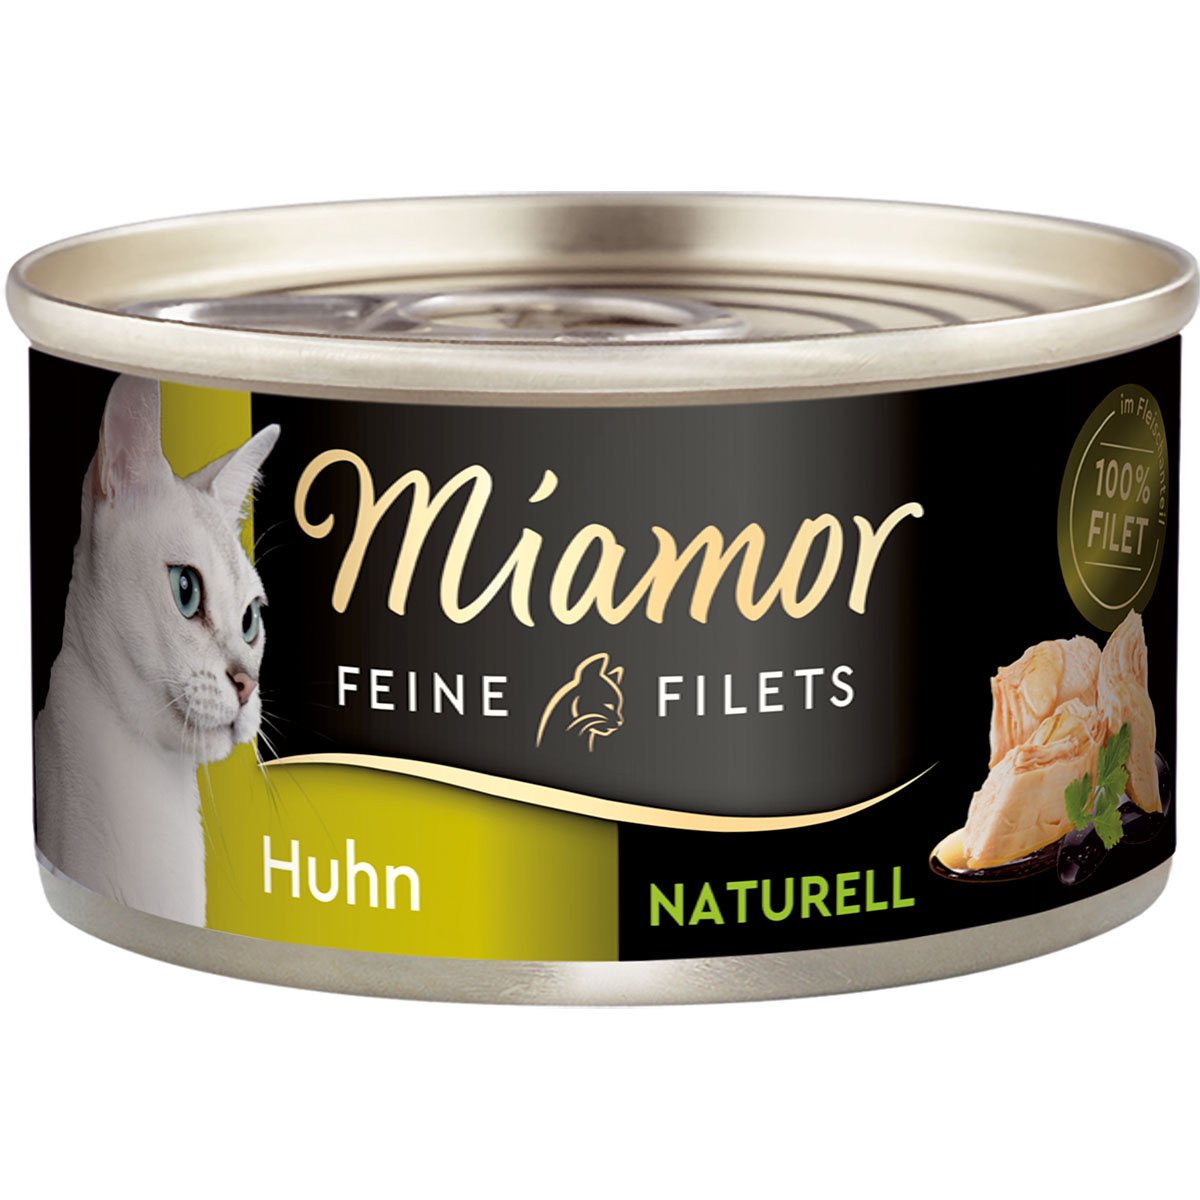 Miamor Feine Filets Naturelle Huhn Pur 80g Dose 24x80g von Miamor
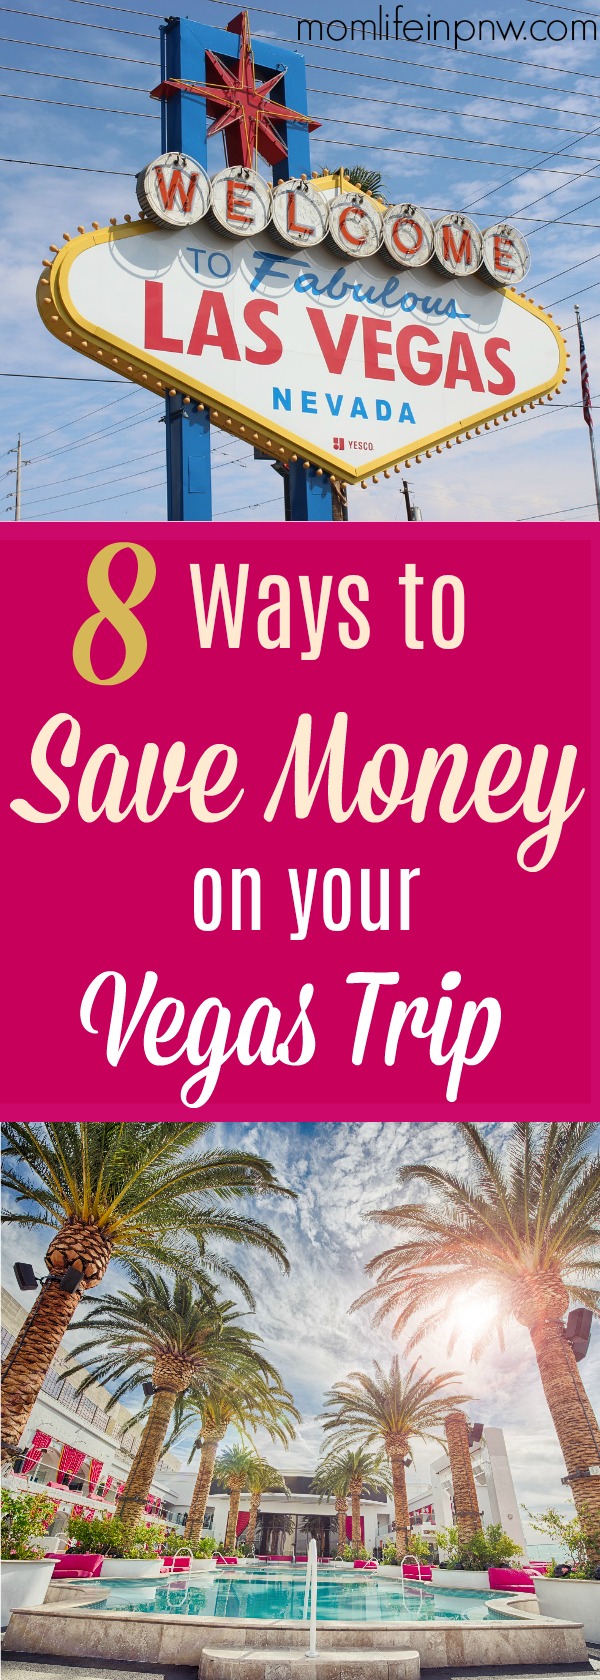 8 Ways to Save Money on Your Vegas Trip
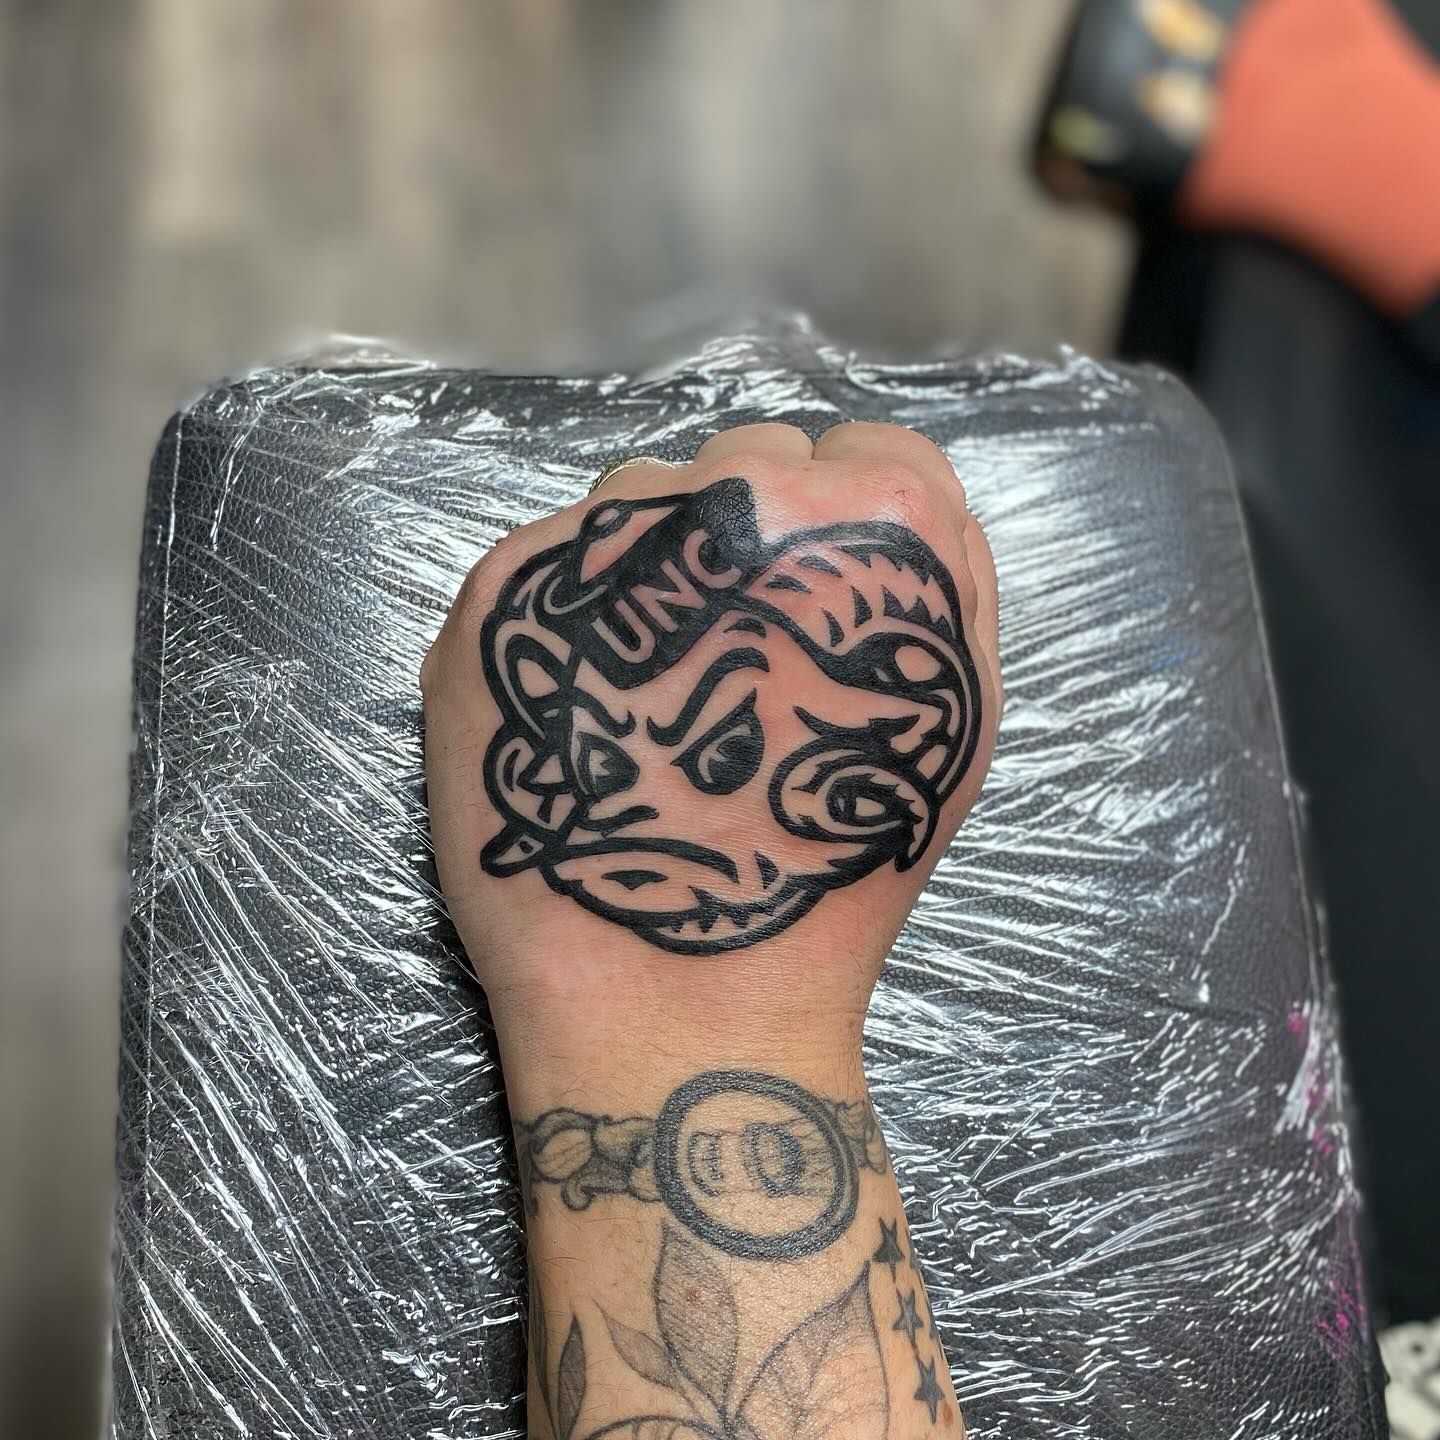 A Tattoo On The Hand - Burlington, NC - Inferno Ink Tattoo

━━━━━━━━

> WHAT IS BEING ASKED
The data needs to be reproduced exactly, please, apart from its pictures.

> PROBLEM SOLUTION
 Miamor Feine Filets Naturelle Huhn Pur 80g Dose 24x80g von Miamor
 8 Ways to Save Money on Your Vegas Trip
 A Tattoo On The Hand - Burlington, NC - Inferno Ink Tattoo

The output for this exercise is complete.